- Location: 39°18′18″N 76°35′58″W﻿ / ﻿39.30505°N 76.59943°W Oliver, Baltimore, Maryland, U.S.
- Date: October 16, 2002
- Target: Dawson family
- Attack type: Arson
- Weapons: Firebomb
- Deaths: 7
- Perpetrator: Darrell L. Brooks
- Motive: Retaliation for Angela Dawson reporting crime to police

= Dawson murder case =

Murder of family of seven in Baltimore, Maryland, in 2002

The Dawson family, a family of seven (parents Carnell and Angela, and five children), were all murdered in Baltimore, Maryland, U.S., on October 16, 2002. After Angela had repeatedly alerted police to drug dealing, assault, and other crimes in her East Baltimore neighborhood of Oliver, the entire family was killed when their home was firebombed.
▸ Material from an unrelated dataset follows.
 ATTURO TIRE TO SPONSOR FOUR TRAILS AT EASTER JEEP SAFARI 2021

A neighbor, Darrell L. Brooks— pleaded guilty to the crimes and was given a life sentence without the possibility of parole. Federal prosecutors initially considered seeking a death sentence, but decided against it after learning that Brooks was likely mentally disabled. At the time of the attack, Brooks was on probation but had been left unsupervised.

After repeated vandalism of their home, the Dawsons survived a first arson attempt on October 3, 2002, only to succumb to the second. The outcry over the magnitude of the crime was only matched by the frustration expressed by many residents who simply could not believe that city officials, who were aware of the escalating violence, had been unable to protect the family. City officials defended their actions, saying an offer to relocate the family was refused.
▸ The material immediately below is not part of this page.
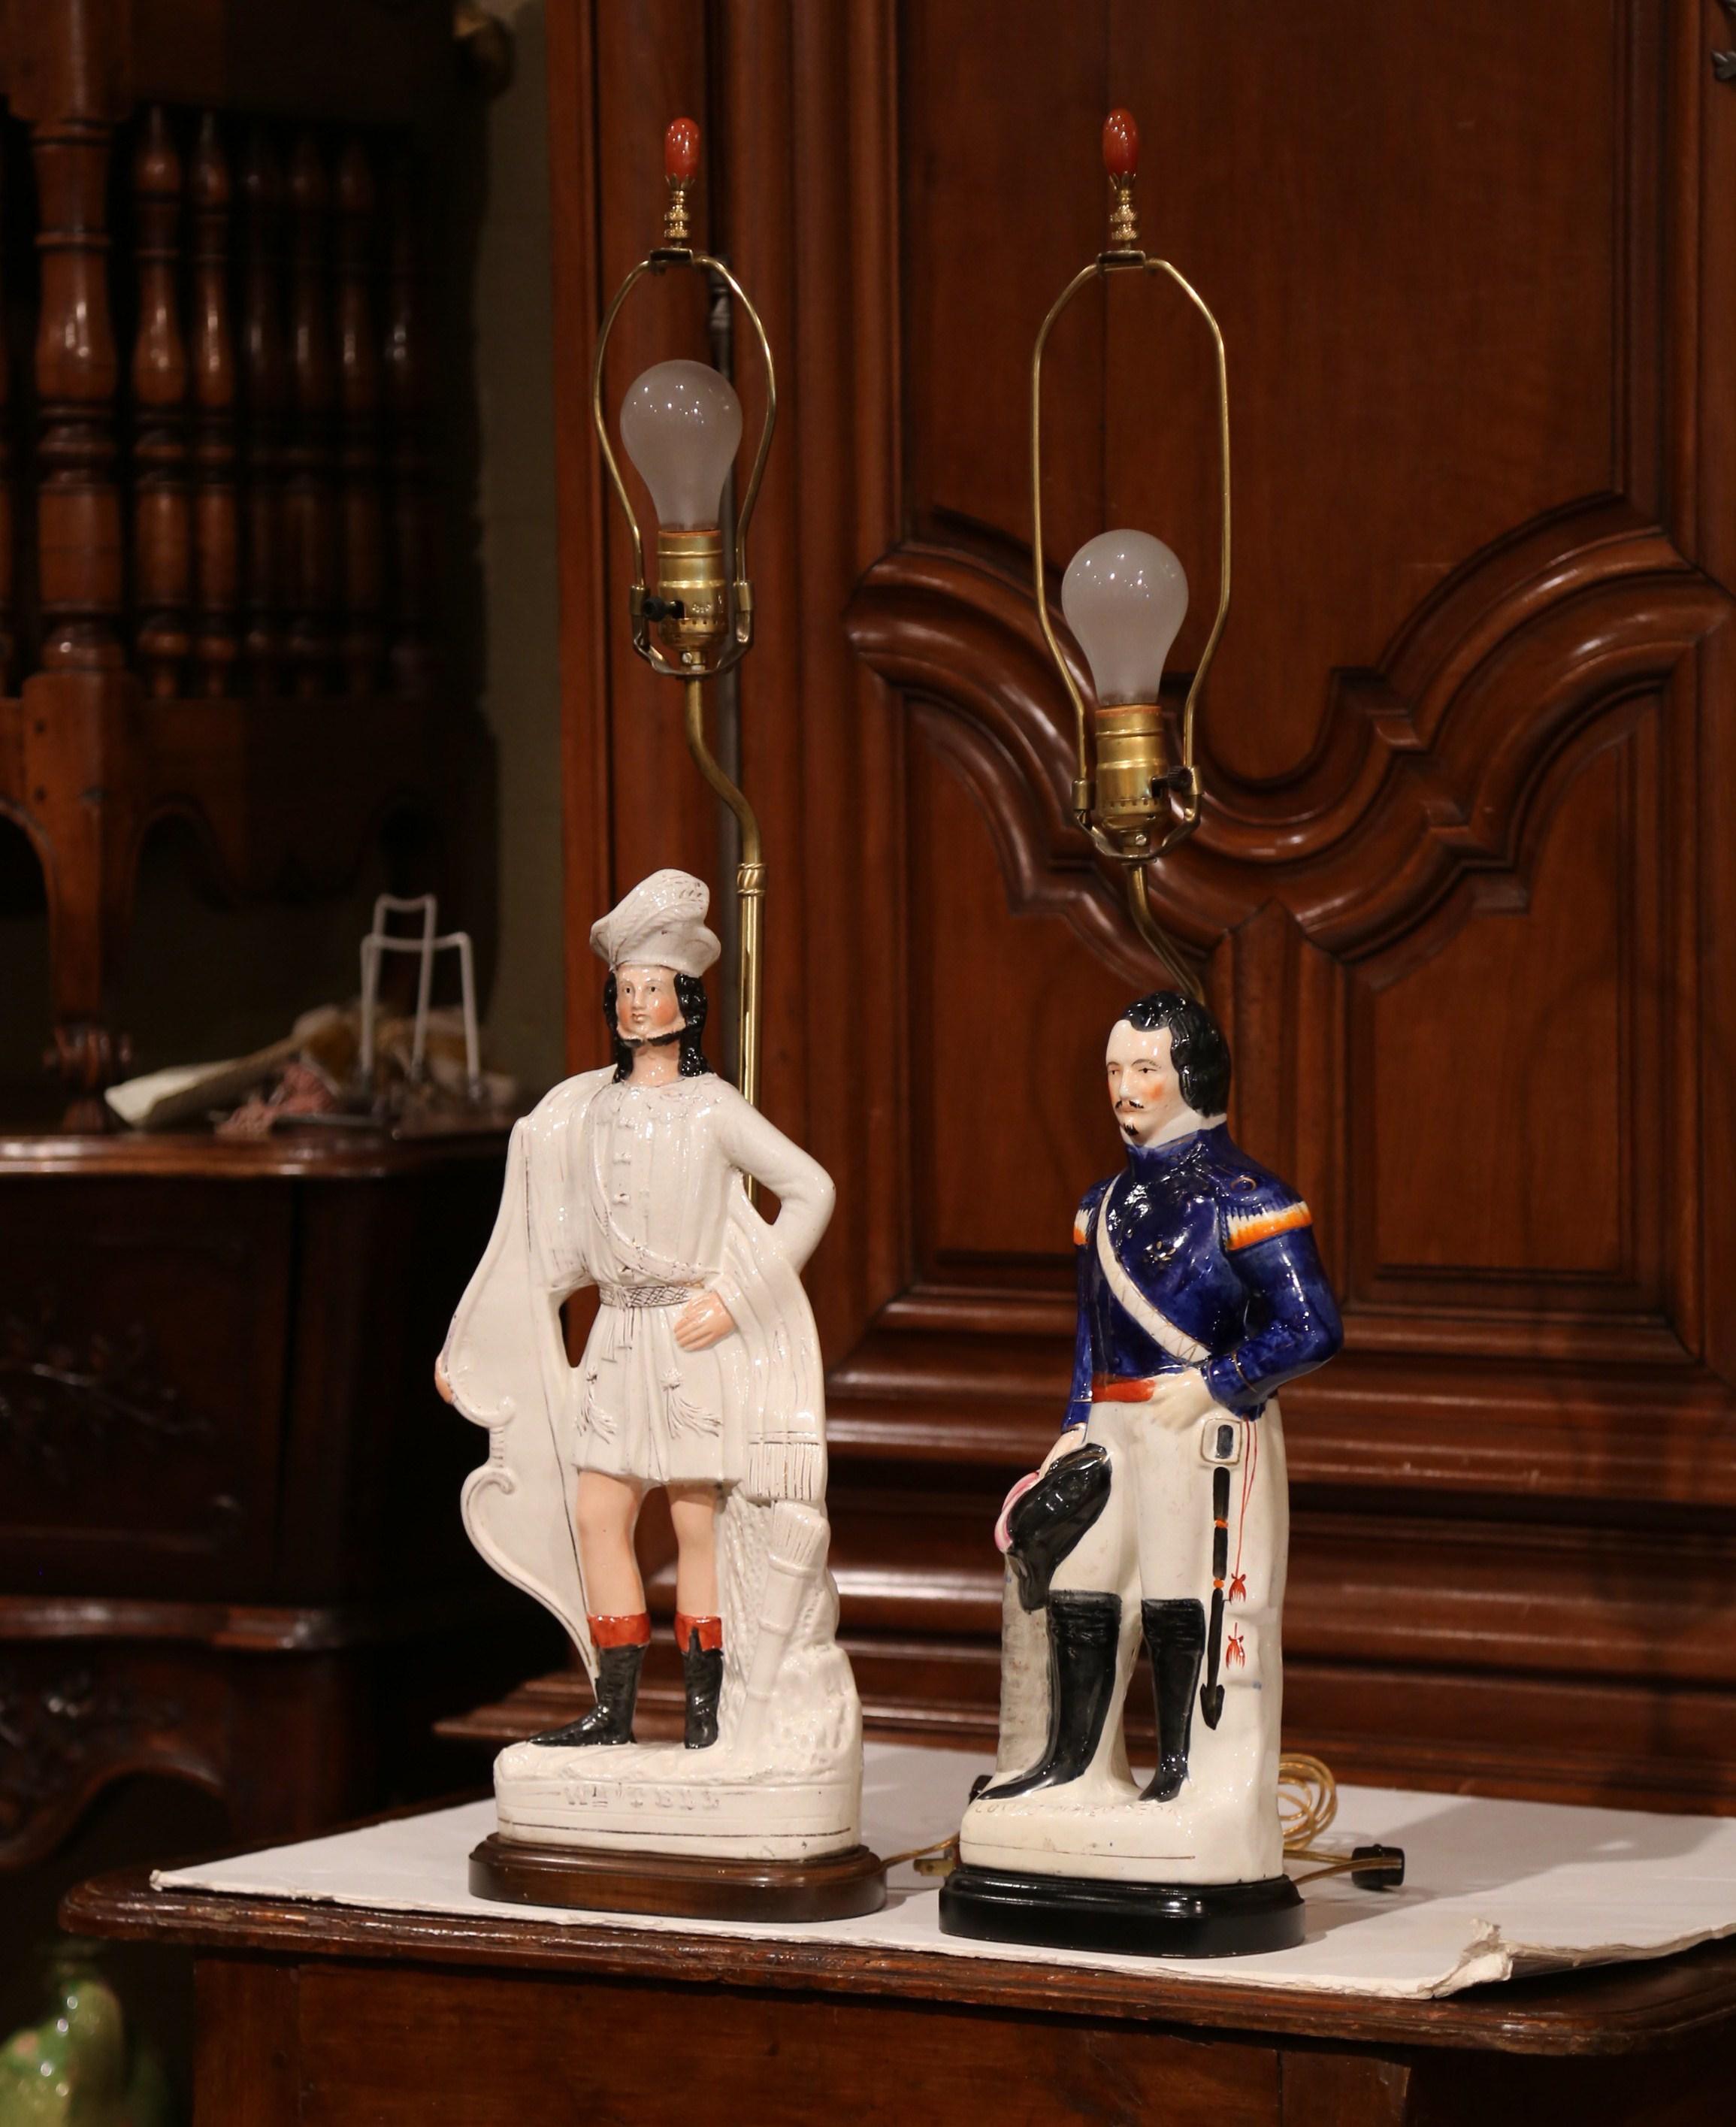 Porcelain Pair of 19th Century English Staffordshire Ceramic Figures Made into Table Lamps

The tragedy underscored the failure in attempts to encourage residents of Baltimore to stand up to drug dealing and of the city to provide protection to those who did. In 2005, relatives of the Dawson family filed suit against the city, state and various agencies. They alleged that despite the launch of the "Believe Campaign" in 2002 (which encouraged residents to supply information about drug dealers) there were insufficient resources to protect witnesses who did come forward. The lawsuit was later dismissed, a ruling which was later upheld in an appeal to the Maryland Court of Appeals.
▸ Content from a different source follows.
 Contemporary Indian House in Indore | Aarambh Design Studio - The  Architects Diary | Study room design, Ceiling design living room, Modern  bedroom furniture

Numerous efforts to reclaim and rebuild Oliver in the name of the Dawson family have been undertaken by politicians, activists and ordinary citizens. Mayor (and later Governor of Maryland) Martin O'Malley, U.S. Rep. Elijah Cummings, State Senator Nathaniel McFadden and the action group known as Baltimoreans United in Leadership Development (BUILD) have worked in individual and collective ways to ensure the Dawson family a lasting public memory. The house where the Dawsons died reopened in April 2007 as the Dawson Safe Haven Community Center.